爬虫_爬取wasde月度供需平衡表(实例)

注:该实例需要梯子。

美国月度公布的世界农产品供需平衡表对研究农产品是必不可少的素材,本章是一个完整实例,爬取历年发布的wasde报告。USDA网站中有提供历史数据库查询与下载,但经过核对发现有些类目在wasde报告中有,而数据库中下载的数据中没有,为了更贴近研究需求,直接获取所有的wasde报告。

目录

写在前面

步骤一:获取目录

步骤二:获取xls链接地址

步骤三:下载xls文件

步骤四:获取txt链接地址

步骤五:下载txt文件

步骤六:获取pdf链接地址

步骤七:下载pdf文件

步骤八: 将pdf转成txt文件


写在前面

 1. wasde报告有提供xls、txt、xml和pdf下载,但不是所有时间点都有这四种方式提供,早期的只有pdf,有些时间点只提供这四种方式中的几样,本例操作中,优先xls,其次txt,最次pdf
2. 获取xls或txt或pdf文件后,需要某项数据需要从文件中提取出来,xls和txt的提取方便,pdf不方便,网站中获取的pdf需要经过ocr转成txt,比较费劲
3. 从爬取到最终获得数据,前后步骤较多,有点复杂,需要耐心

步骤一:获取目录

将目录所在的html文件下载

Publication | World Agricultural Supply and Demand Estimates | ID: 3t945q76s | USDA Economics, Statistics and Market Information System

 目录共计66页,改变url中的页码,下载这66页目录的html文件

import os,json,requests,urllib3
from selenium import webdriver
from time import sleep
from bs4 import BeautifulSoup
from tools import mongodb_utils,date_tools,string_tools
import xlrd

def wasde_step_one():
    pre_dir = r'D:/temp006/'
    driver = webdriver.Chrome('../driver/chromedriver.exe')
    # 设置超时时间 10s
    driver.set_page_load_timeout(10)
    for i in range(1, 67):
        print(i)
        url_str = f"https://usda.library.cornell.edu/concern/publications/3t945q76s?locale=en&page={i}#release-items"
        driver.get(url_str)
        page_source = driver.page_source
        file_path = pre_dir + str(i) + '.html'
        with open(file_path, 'w', encoding='utf-8') as fw:
            fw.write(page_source)
        sleep(2)
    driver.close()
    driver.quit()
    pass

步骤二:获取xls链接地址

将存在xls链接的地址都获取下来

def wasde_step_three():
    headers = {
        'User-Agent': 'Mozilla/5.0 (Macintosh; Intel Mac OS X 10_15_3) AppleWebKit/537.36 (KHTML, like Gecko) Chrome/85.0.4183.102 Safari/537.36'
    }
    proxies = {'http': 'http://127.0.0.1:7890', 'https': 'http://127.0.0.1:7890'}
    urllib3.disable_warnings()

    pre_dir = r'D:/temp005/'
    pic_save_dir = r'D:/temp003/'
    for i in range(6, 67):
        print(i)
        json_file_name = f"{i}.json"
        json_file_path = pre_dir + json_file_name
        with open(json_file_path, 'r', encoding='utf-8') as fr:
            node_list = json.load(fr)
        for node in node_list:
            date_str = node['date']
            url_str = node['url']

            xls_save_name = f"{date_str}.xls"
            pre_save_dir_00 = pic_save_dir + str(i)
            if os.path.exists(pre_save_dir_00):
                pass
            else:
                os.mkdir(pre_save_dir_00)

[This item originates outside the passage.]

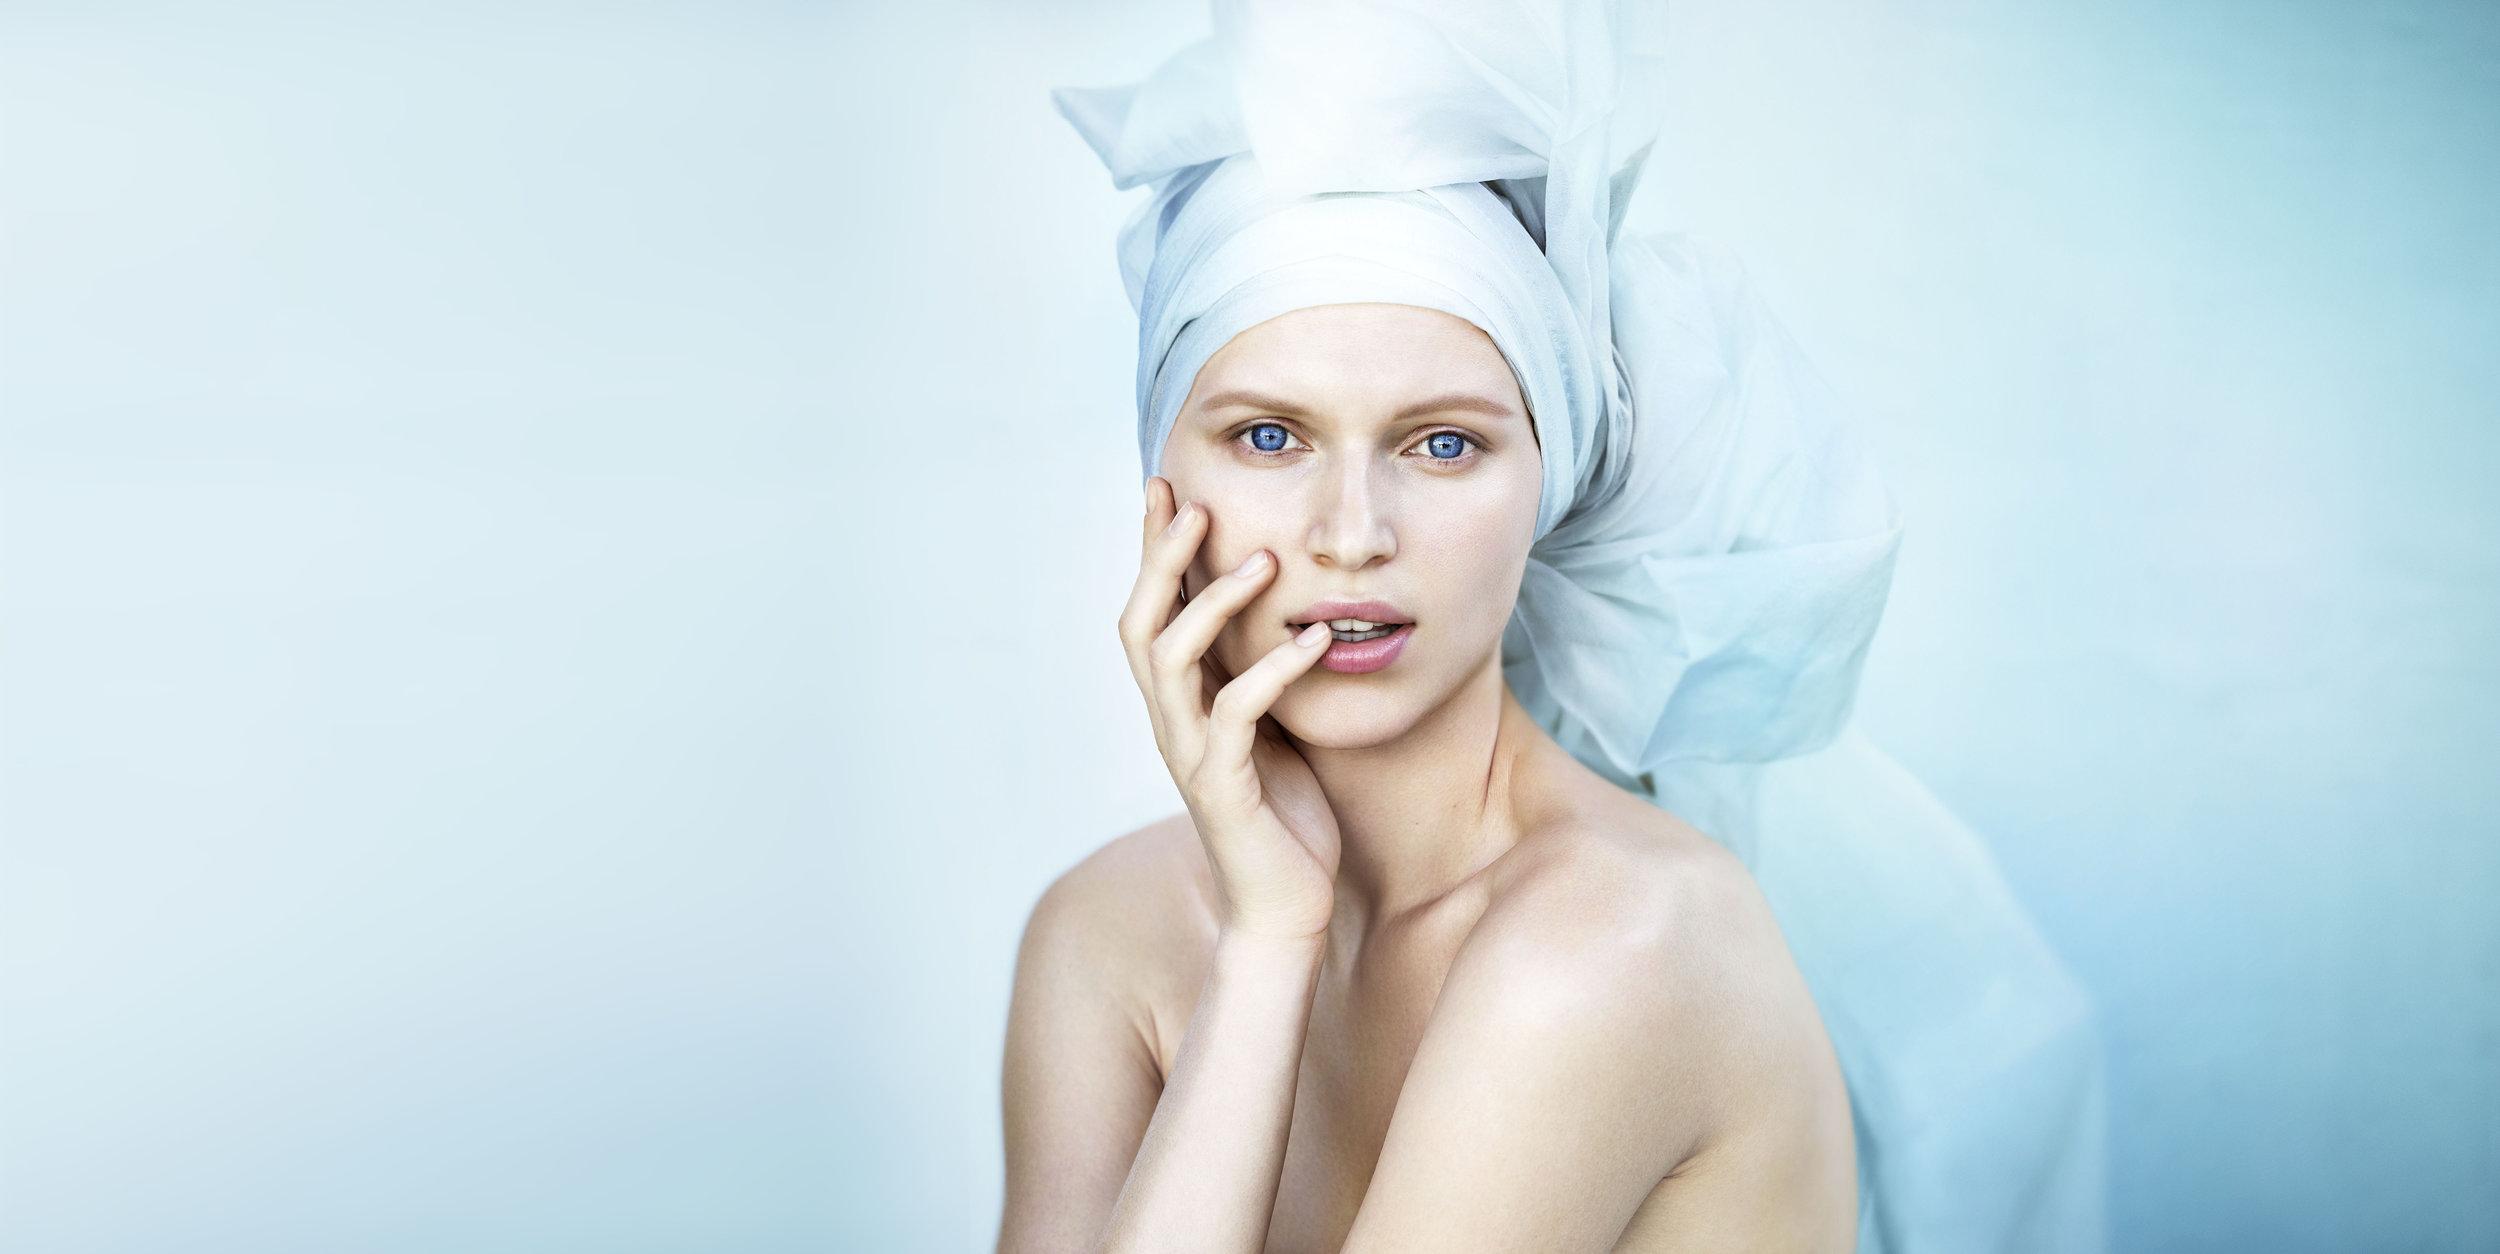 Tulasara_Beauty_Image_horizontal-Longer.jpg

            r = requests.get(url_str, headers=headers,proxies=proxies,verify=False)
            xls_save_path = pre_save_dir_00 + os.path.sep + xls_save_name
            with open(xls_save_path, 'wb') as fw:
                fw.write(r.content)
        pass
    pass

分析节点,提取存在xls的目录,并存储到json文件中,并将json文件存储到指定目录下 

步骤三:下载xls文件

在步骤二中获取了xls的下载地址,根据这些下载地址下载xls文件

def wasde_step_three():
    headers = {
        'User-Agent': 'Mozilla/5.0 (Macintosh; Intel Mac OS X 10_15_3) AppleWebKit/537.36 (KHTML, like Gecko) Chrome/85.0.4183.102 Safari/537.36'
    }
    proxies = {'http': 'http://127.0.0.1:7890', 'https': 'http://127.0.0.1:7890'}
    urllib3.disable_warnings()

    pre_dir = r'D:/temp005/'
    pic_save_dir = r'D:/temp003/'
    for i in range(1, 67):
        print(i)
        json_file_name = f"{i}.json"
        json_file_path = pre_dir + json_file_name
        with open(json_file_path, 'r', encoding='utf-8') as fr:
            node_list = json.load(fr)
        for node in node_list:
            date_str = node['date']
            url_str = node['url']

            xls_save_name = f"{date_str}.xls"
            pre_save_dir_00 = pic_save_dir + str(i)
            if os.path.exists(pre_save_dir_00):
                pass
            else:
                os.mkdir(pre_save_dir_00)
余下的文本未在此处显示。